Our extensive laws for freedom of speech and freedom of the press place a very heavy responsibility on individual publications, legally responsible publishers, and editorial staff.
'God publicistisk sed' is conveying accurate news, being generous with responses, respecting personal integrity, and being careful with photos. Public persons may tolerate a more critical investigative journalism than 'ordinary' people need to do.
One of the things the Swedish media are bound by is to not reveal identities - not even for local celebrities. They'll print things such as 'radio personality, 45'. They won't reveal names.

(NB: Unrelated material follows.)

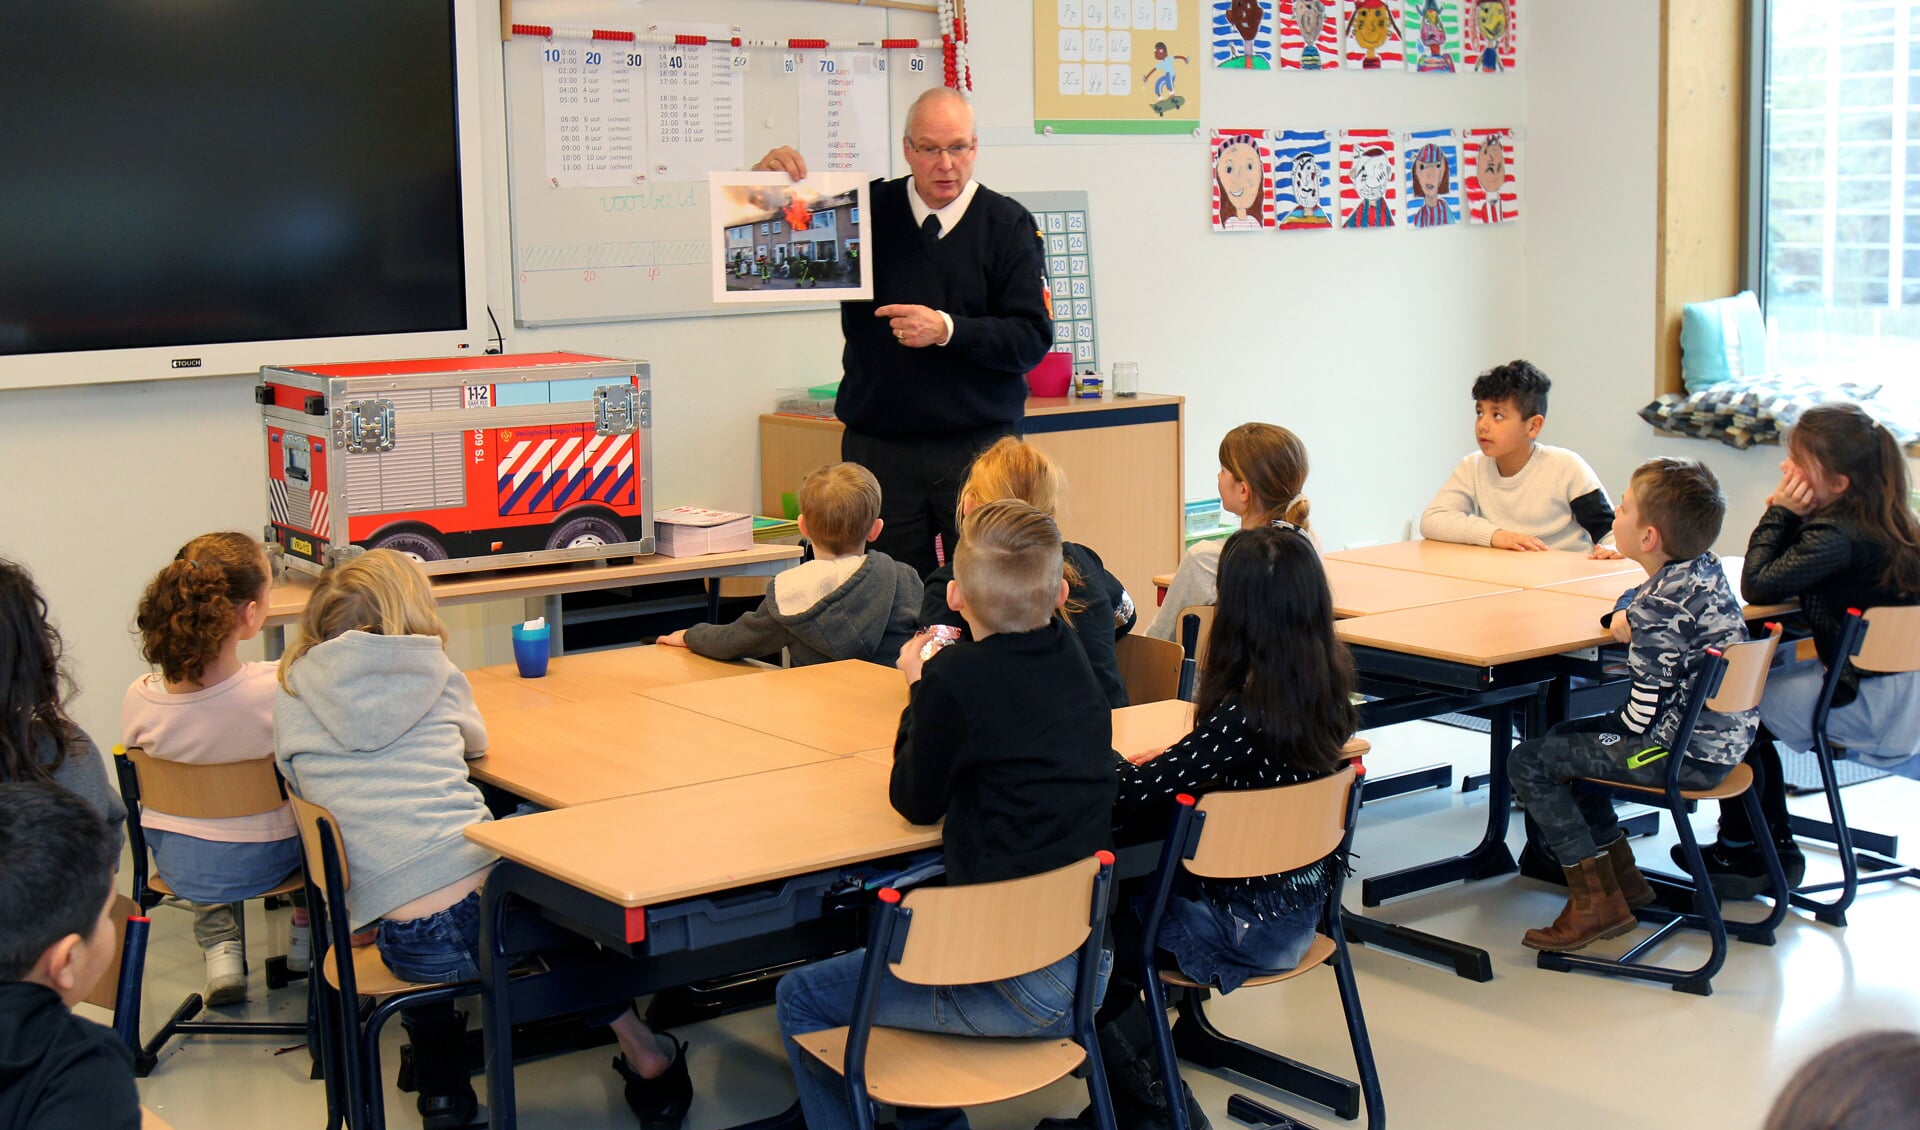  Kinderen van Wereldwijs luisteren aandachtig naar brandweerman Bram de Rijcke VRU) was donderdag op basisschool Wereldwijs.

Expressen got whacked recently for just such a transgression.
So it is with the current crisis in France. All Expressen may say is the serial killer in Toulouse is 'Mohammed, 23'. He's 23 years of age. A lot of people are 23 years of age. His first name is 'Mohammed'. A lot of arabs are named 'Mohammed'.
Expressen didn't identify him even though he's a serial killer.
Now compare with what they did with Julian Assange.
From the Expressen website 21 August 2010: '[WikiLeaks] founder hunted for rape in Stockholm'.
Another from the Expressen website 21 August 2010: 'Assange arrested suspected of rape'.
From the hardcopy ('duckpond') edition the same day: 'WikiLeaks' Julian Assange HUNTED suspected of RAPE IN SWEDEN'.
'God publicistisk sed' indeed.
It is not permitted in these circumstances to reveal identities in the Swedish media. Nor to in any way help outsiders establish such identities. People are accused of crimes all the time and are sought by the police; their names cannot appear in the media. The media cannot even identify people with pictures or race description. Laws in other countries are more liberal; in Sweden the laws are very strict. Every major newspaper in Sweden published the rape story on Saturday - and every paper came out with an editorial by their editor in chief defending the decision to reveal the identity of a rape suspect. It made for rather sleazy reading - they all knew they were in the wrong but they were too horny for the scoop. They too might suffer for those decisions as the case rolls on.